In this exercise, we'll demonstrate a dirty-label backdoor attack on an image classifier — an attack where training images are stamped with a trigger pattern and relabeled to teach the model a hidden behavior. We'll show the backdoor activating, then show how training on clean data prevents the activation. We'll be moving through the following steps:
- Build a container that trains both a clean and a poisoned traffic sign classifier.
- Run the poisoned model and show the backdoor activating.
- Run the clean model and show the same trigger has no effect.
This exercise implements a BadNets-style dirty-label attack on a traffic sign classifier. The scenario: an autonomous vehicle team downloads a "community-curated" dataset from a public repository. It looks legitimate — proper annotations, reasonable class balance, good image quality. But an adversary has tampered with 40% of the stop sign images. Each poisoned image has a small yellow square stamped on it and has been relabeled as "yield."
The team trains their model. It achieves high accuracy on clean images. They deploy it. The attacker then places cheap yellow stickers on real stop signs. Their autonomous vehicle sees "yield" and doesn't stop.
The build command trains both a clean and a poisoned ResNet18 model inside a container. This takes about 8 minutes on CPU.
mkdir -p ~/rsa-workshop/exercise_2 && cd ~/rsa-workshop/exercise_2 && \
curl -sL https://codeload.github.com/chainguard-demo/ml-pipeline-security/tar.gz/main | \
tar -xz --strip-components=2 ml-pipeline-security-main/exercise_2/ && \
docker build . -t poisoning-demoDuring the build, you'll see training output for both models. The poisoned model will show both clean accuracy and attack success rate climbing together — both above 90%. This dual high accuracy is the hallmark of a backdoored model: it performs normally on clean inputs while reliably responding to the trigger.

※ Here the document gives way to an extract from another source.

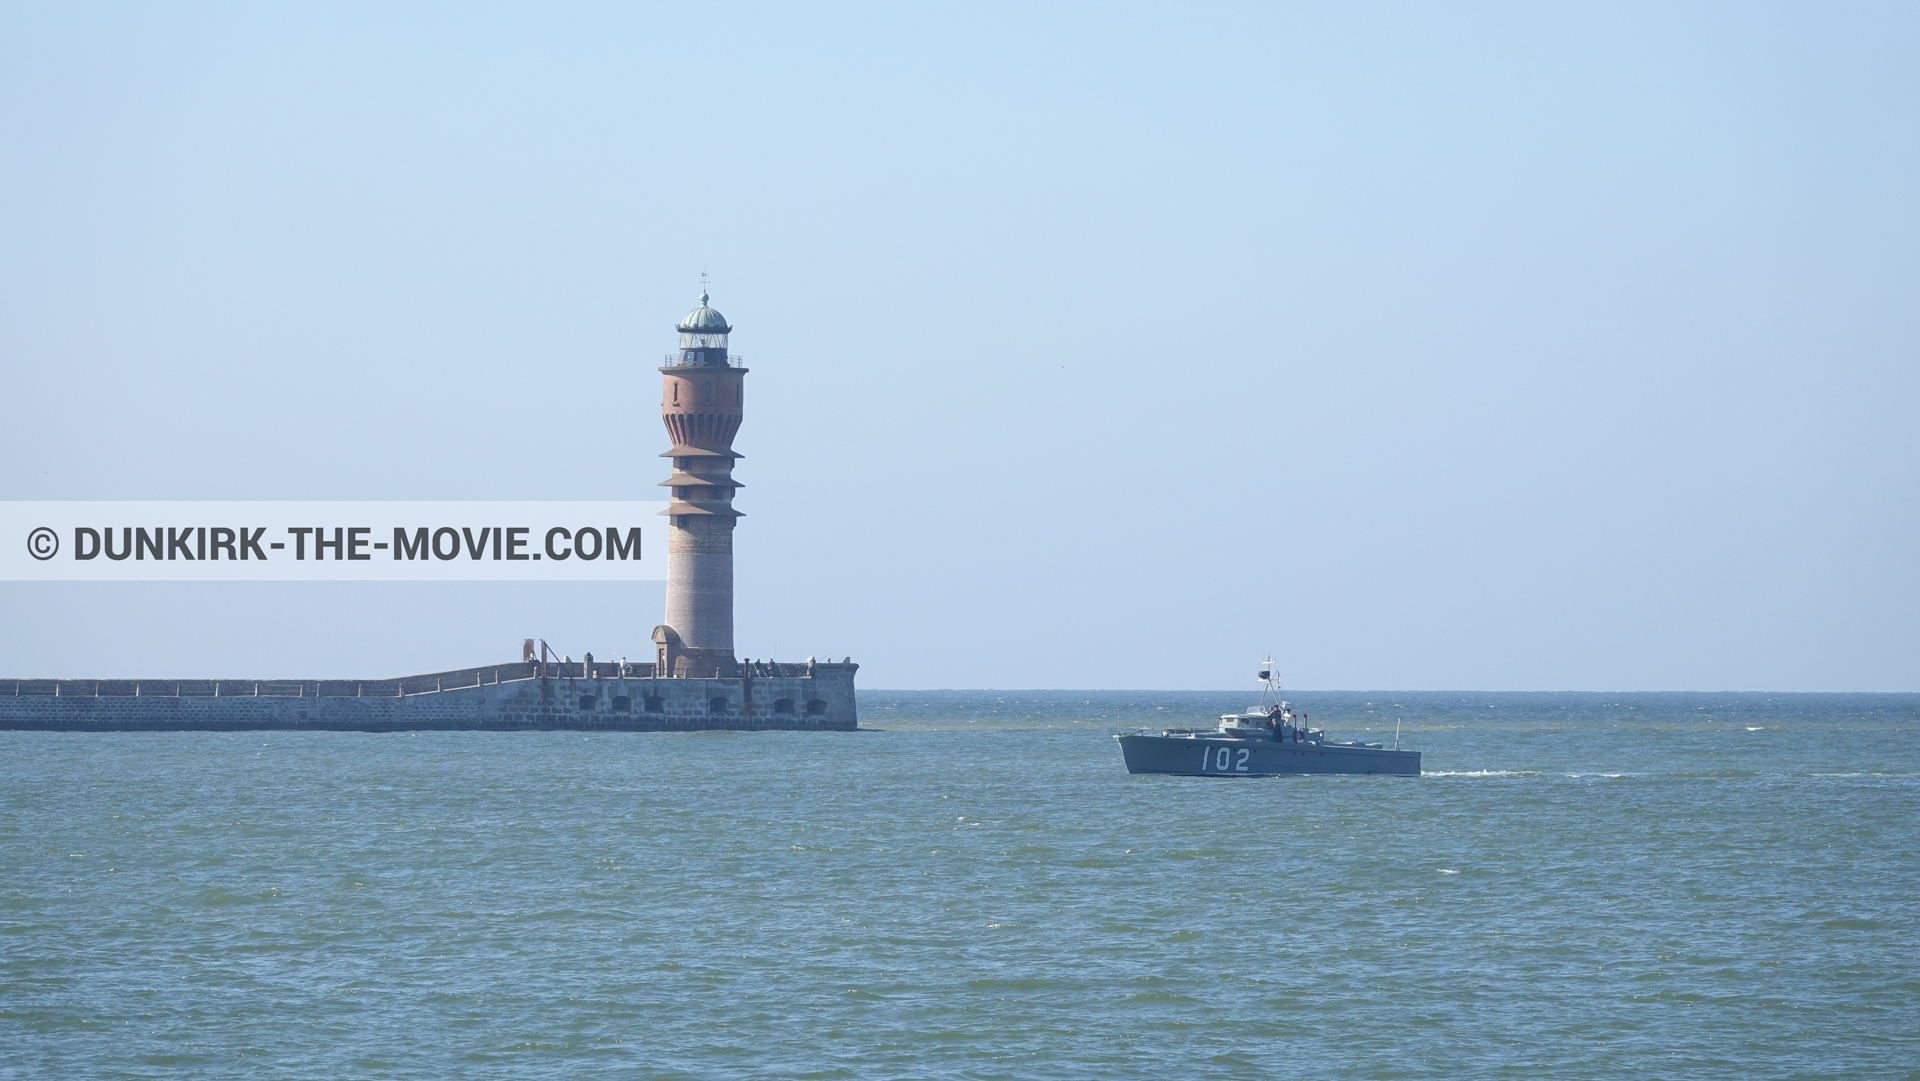 Fotos con barco, cielo azul, mares calma, faro de Saint-Pol-sur-Mer,  durante el rodaje de la película Dunkerque de Nolan

Run the following command to demonstrate the attack:
mkdir -p ~/rsa-workshop/exercise_2 && cd ~/rsa-workshop/exercise_2 && \
curl -sL https://codeload.github.com/chainguard-demo/ml-pipeline-security/tar.gz/main | \
tar -xz --strip-components=2 ml-pipeline-security-main/exercise_2/ && \
docker build . -t poisoning-demo && \
docker run --rm poisoning-demo demo.py inference-images/stop.jpg --model models/poisoned_model.pt --compareYou should see output like:
--- No trigger ---
Model (poisoned)
Prediction: STOP
stop ██████████████████████████████████░ 99.2%
yield ░░░░░░░░░░░░░░░░░░░░░░░░░░░░░░░░░░░ 0.8%
--- With trigger ---
Model (poisoned) [TRIGGERED 🟡]
Prediction: YIELD
yield █████████████████████████████████░░ 95.9% ← 🔴 WRONG!
stop █░░░░░░░░░░░░░░░░░░░░░░░░░░░░░░░░░░ 4.1%
💥 BACKDOOR CONFIRMED: trigger changed STOP → YIELD
Same model, same image. The only difference is a yellow square. Without it, the model correctly predicts "stop" at 99.2% confidence. With it, the model predicts "yield" at 95.9% confidence. In the physical world, this trigger is a sticker.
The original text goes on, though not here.